I am not a musician. My spouse plays a Roland HP 230 she has owned since new that I did a repair on. I hope this information is helpful.
A few months ago the instrument began playing first one then two notes too loud. I found that the two afflicted keys, when depressed, produced an almost inaudible click not heard from other keys. With the cabinet open and the keys off, I found I could reproduce this click by depressing the contact pad for either of these two keys. The click occurred when the distal contact inverted. Then, when the keypad was depressed with power on, the sound produced was the loud sound of the misplaying key. Apparently, when only the proximate contact makes the piano's computer plays the sound as loud as possible. These inverted contacts would go back to normal if left alone overnight. I also found that new keypads from the Roland National Service Center are no longer available. This, by the way, I proclaim, is an unforgivable lack of support.

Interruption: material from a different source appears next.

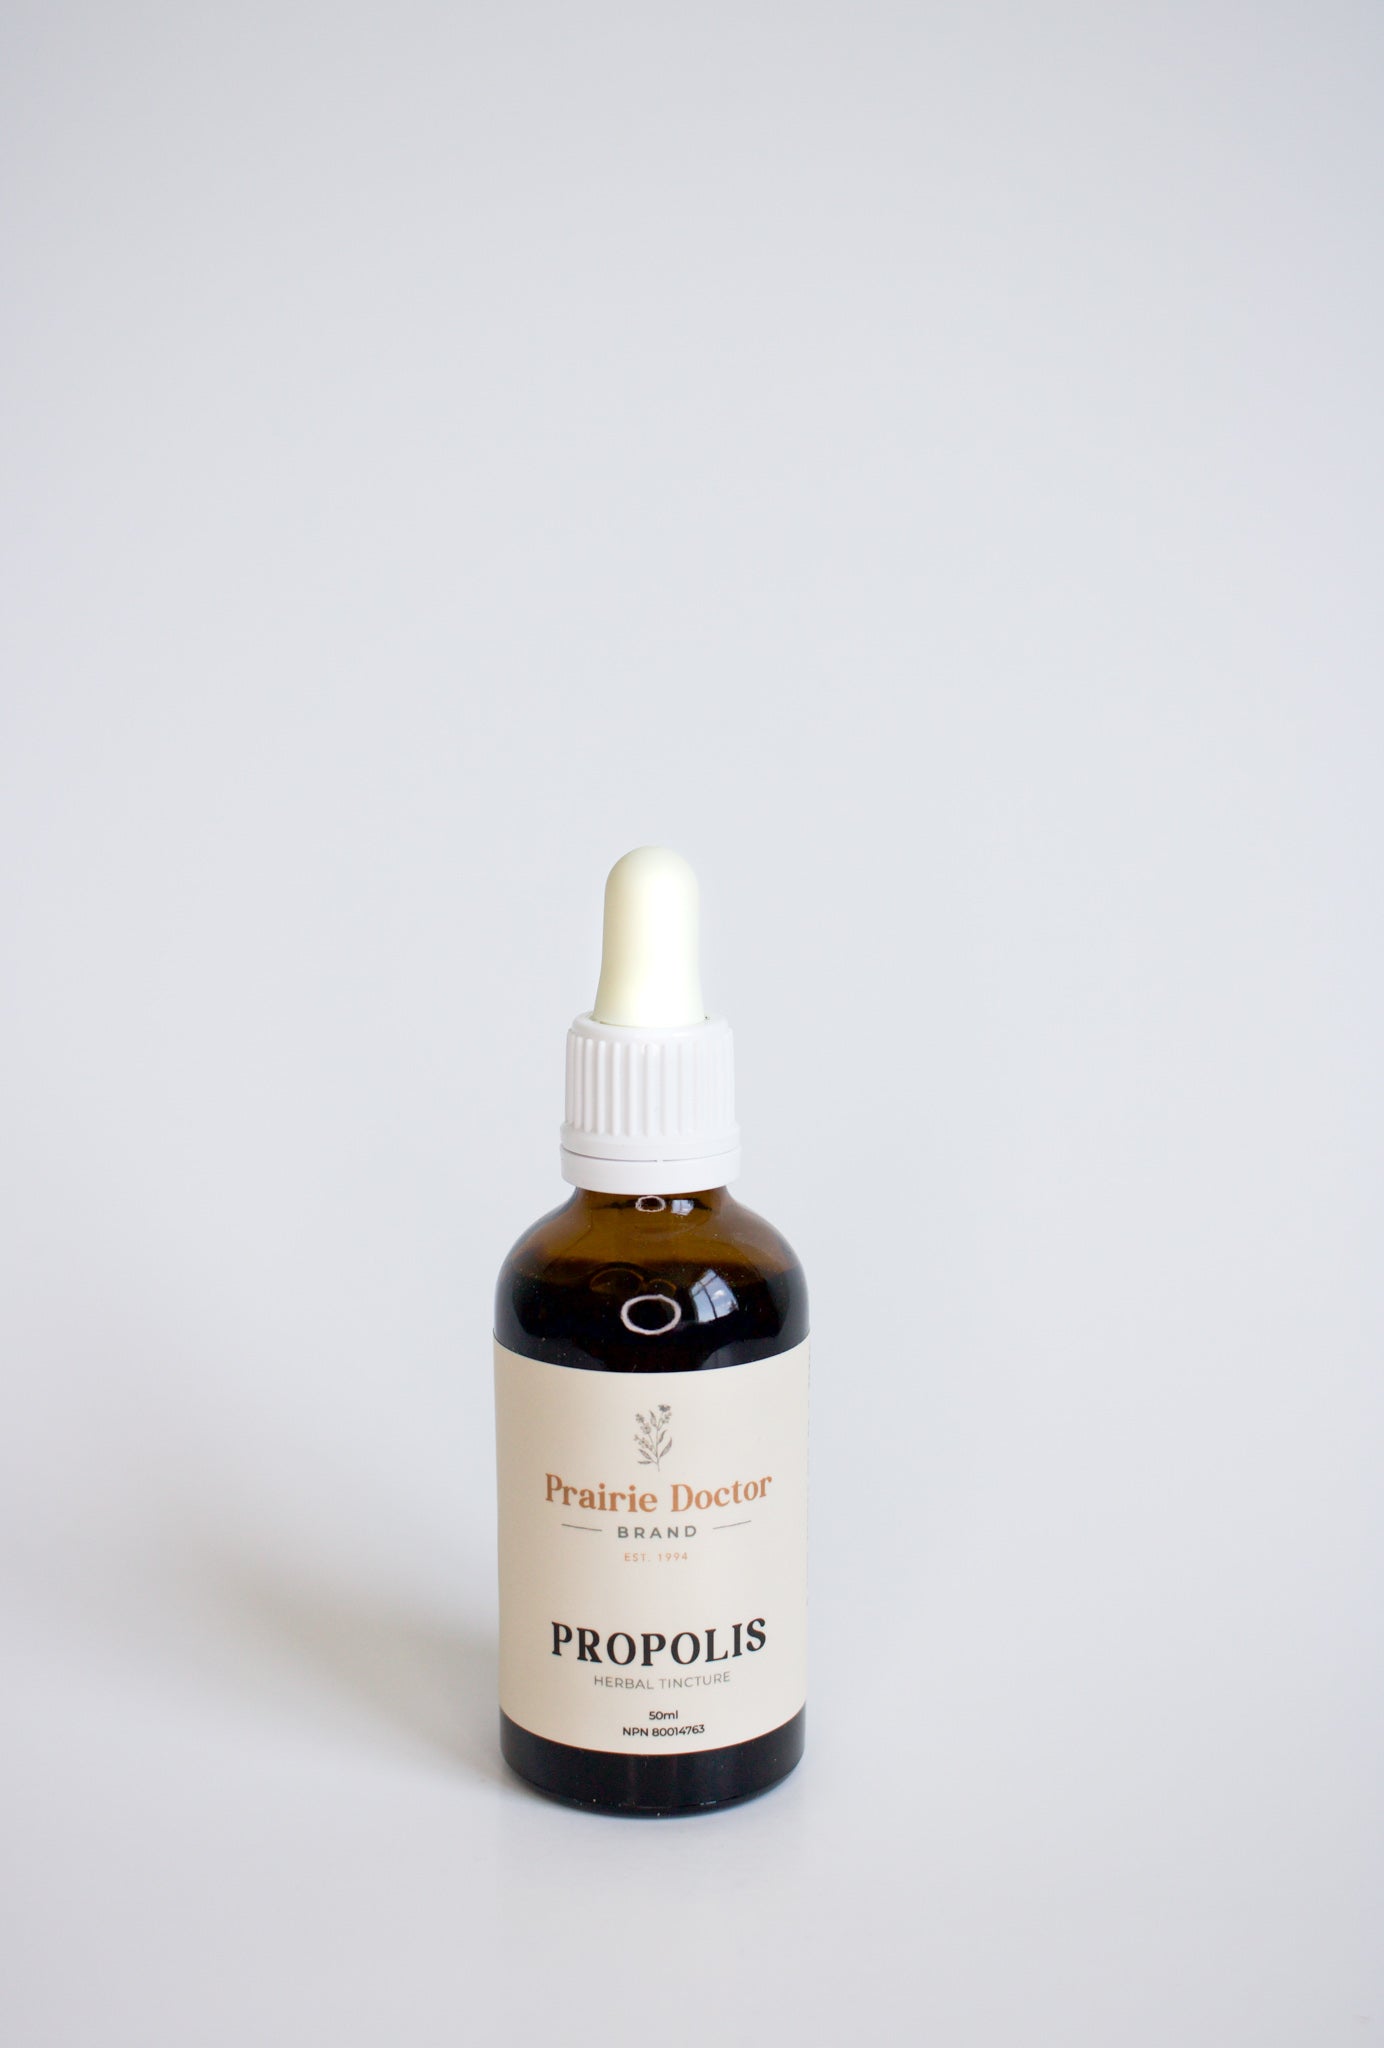 Our lab tested Propolis herbal tincture is made using 100% natural propolis that is lab tested for purity and potency, ensuring the highest quality Propolis herbal tincture possible!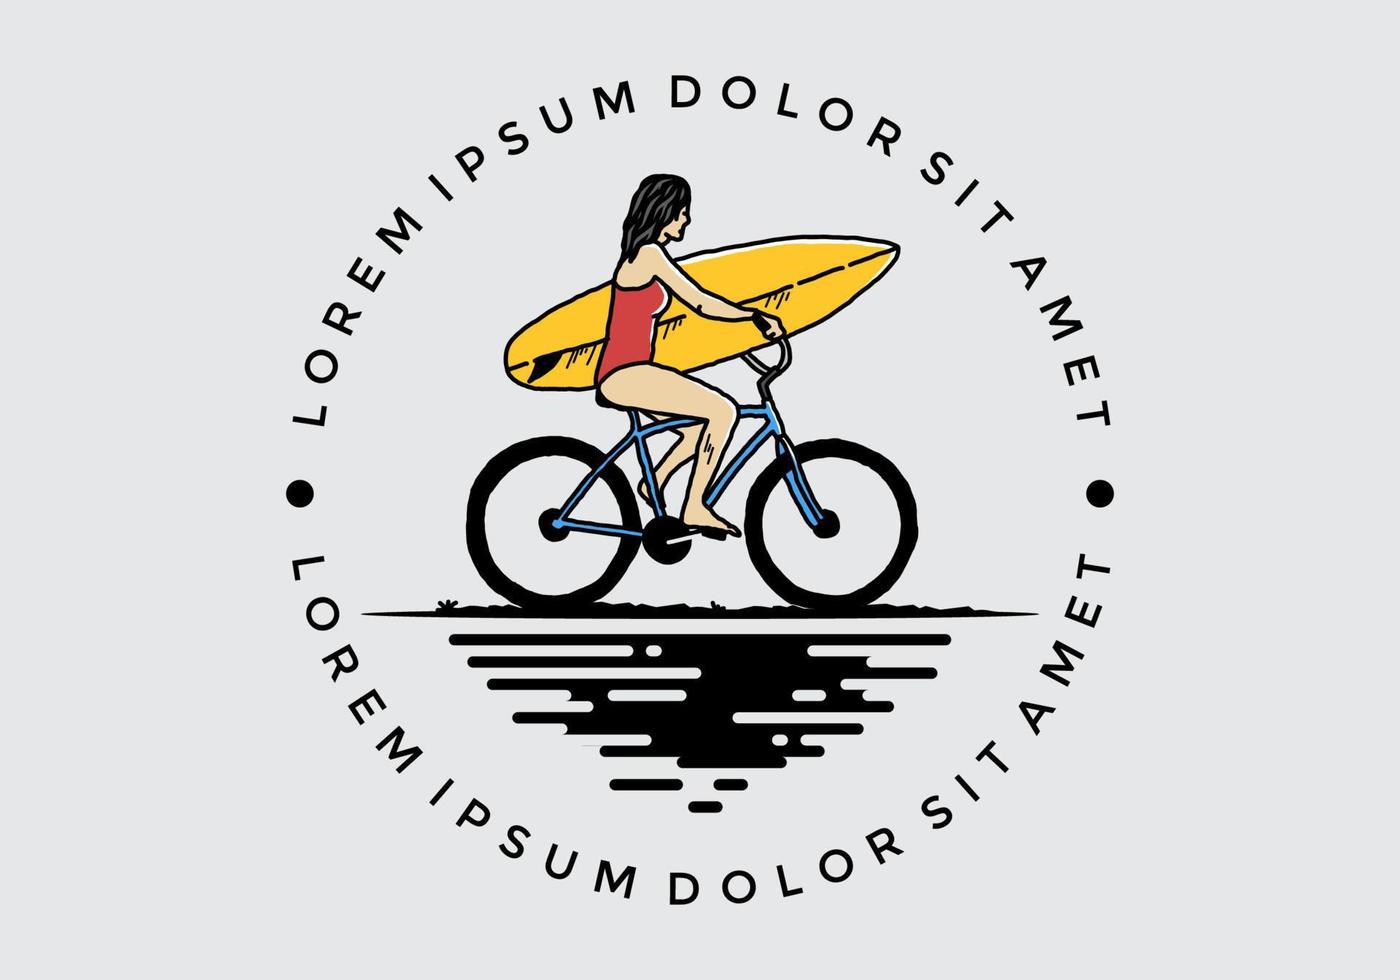 illustration of a woman going surfing on a bicycle vector

A service center person I spoke to in Salina, Kansas suggested swapping the bad pads to the end of the keyboard. However, I wondered if something placed into the well of the keypad would prevent the contact from inverting. A BB is a perfect fit but too tall. So, I ground off one side of two and dropped them into the contact wells, flat side up, where the contacts were inverting. Reassembled, the piano plays as new. However, I fear objects in the contact well will eventually wear out the silicon rubber. Well, the contact pad was already shot.